All parameters are declared in decision_types.hpp (and friends). Key groups you can expect:

• Input topics (InTopics): suggested trajectory, acceptance, caution zones, perception, map/lanelet sources, etc.
• Output topics (OutTopics): trajectory decision, trajectory suggestion, assistance request, traffic participant.
• Timing: run_delta_time (main loop period).
• Files: rules_file pointing to a YAML with rule definitions.
• Per‑module params: DomainParams, ConditionParams, PlanningParams…

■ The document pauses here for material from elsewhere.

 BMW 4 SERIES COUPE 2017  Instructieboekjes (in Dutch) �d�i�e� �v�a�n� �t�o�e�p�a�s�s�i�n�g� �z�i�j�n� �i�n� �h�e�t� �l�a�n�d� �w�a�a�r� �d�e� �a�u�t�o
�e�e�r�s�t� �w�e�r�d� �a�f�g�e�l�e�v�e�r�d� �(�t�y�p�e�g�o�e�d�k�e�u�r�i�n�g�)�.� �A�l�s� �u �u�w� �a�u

The exact names are exposed as ROS 2 parameters (e.g., topic_trajectory_decision, topic_trajectory_suggestion, topic_assistance_request, topic_traffic_participant, and so on).

Rules YAML format

The decision rules define when each behaviour should run, based on evaluated conditions. They are loaded from a YAML file (e.g., rules.yaml) at startup, and can be swapped out or tuned without recompiling.

Each rule entry has:

• name — descriptive label for readability/logging.

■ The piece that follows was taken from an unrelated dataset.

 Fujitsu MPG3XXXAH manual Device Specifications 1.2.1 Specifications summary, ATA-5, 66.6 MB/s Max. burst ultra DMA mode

• require — list of condition names that must be true for the rule to be eligible.

• forbid — list of condition names that must be false.

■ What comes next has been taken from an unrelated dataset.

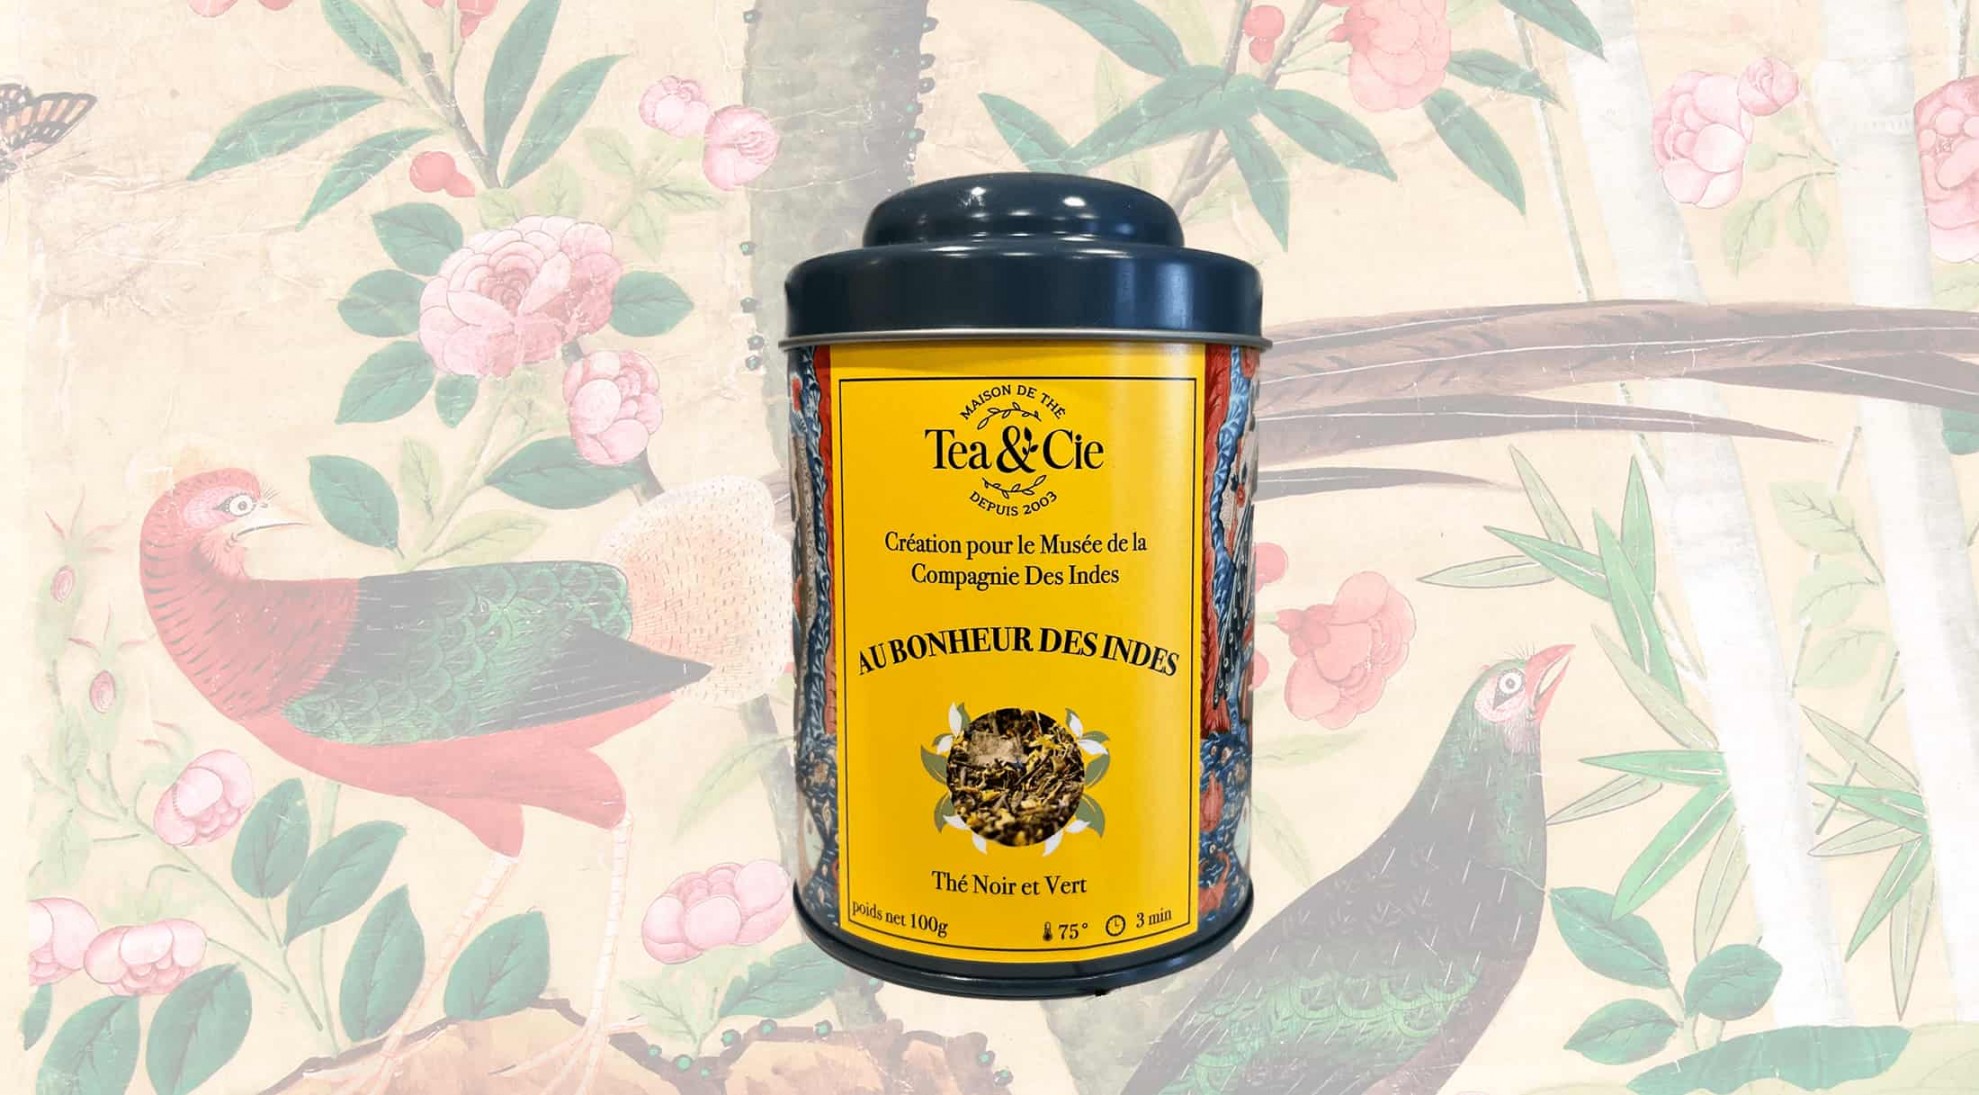 Boite collector pour le thé au Bonheur des Indes, une recette crée pour le Musée de la Compagnie des Indes de Lorient

• behaviour — the behaviour function to execute when the rule matches.

• priority — numeric value used to break ties (higher = wins if multiple match).

The decision loop evaluates conditions → applies rules top-down by priority → runs the winning behaviour.

Adding Functionality

You can add new inputs, new conditions, new behaviours, and new rules without modifying the decision loop.

1) Add a new input (subscription) to Domain

1. Extend the state in Domain (e.g., add std::optional<MyMsg> or a bespoke struct).
2. In Domain::setup(node, domain_params, in_topics), add a subscription:

   add_subscription<my_msgs::msg::Foo>(
       node, in_topics.foo_topic,
       [this](my_msgs::msg::Foo::SharedPtr msg) {
         this->foo_state = *msg;
       });

3. If the input needs conversion, add an adapter (see existing adore_dynamics_adapters.hpp usage).

Keep subscriptions QoS simple (depth=1) unless you need history; Domain is designed to hold the latest view.

2) Define a new condition

• Signature: bool my_condition(const Domain&, const ConditionParams&).
• Register it in conditions::make_condition_map():

  namespace adore::conditions {
  bool my_condition(const Domain& d, const ConditionParams& p);
  
  inline ConditionMap make_condition_map() {
    return ConditionMap{
      // existing ones…
      { "my_condition", &my_condition },
    };
  }
  } // namespace adore::conditions

• Now the condition can be referenced by name in the YAML require/forbid lists.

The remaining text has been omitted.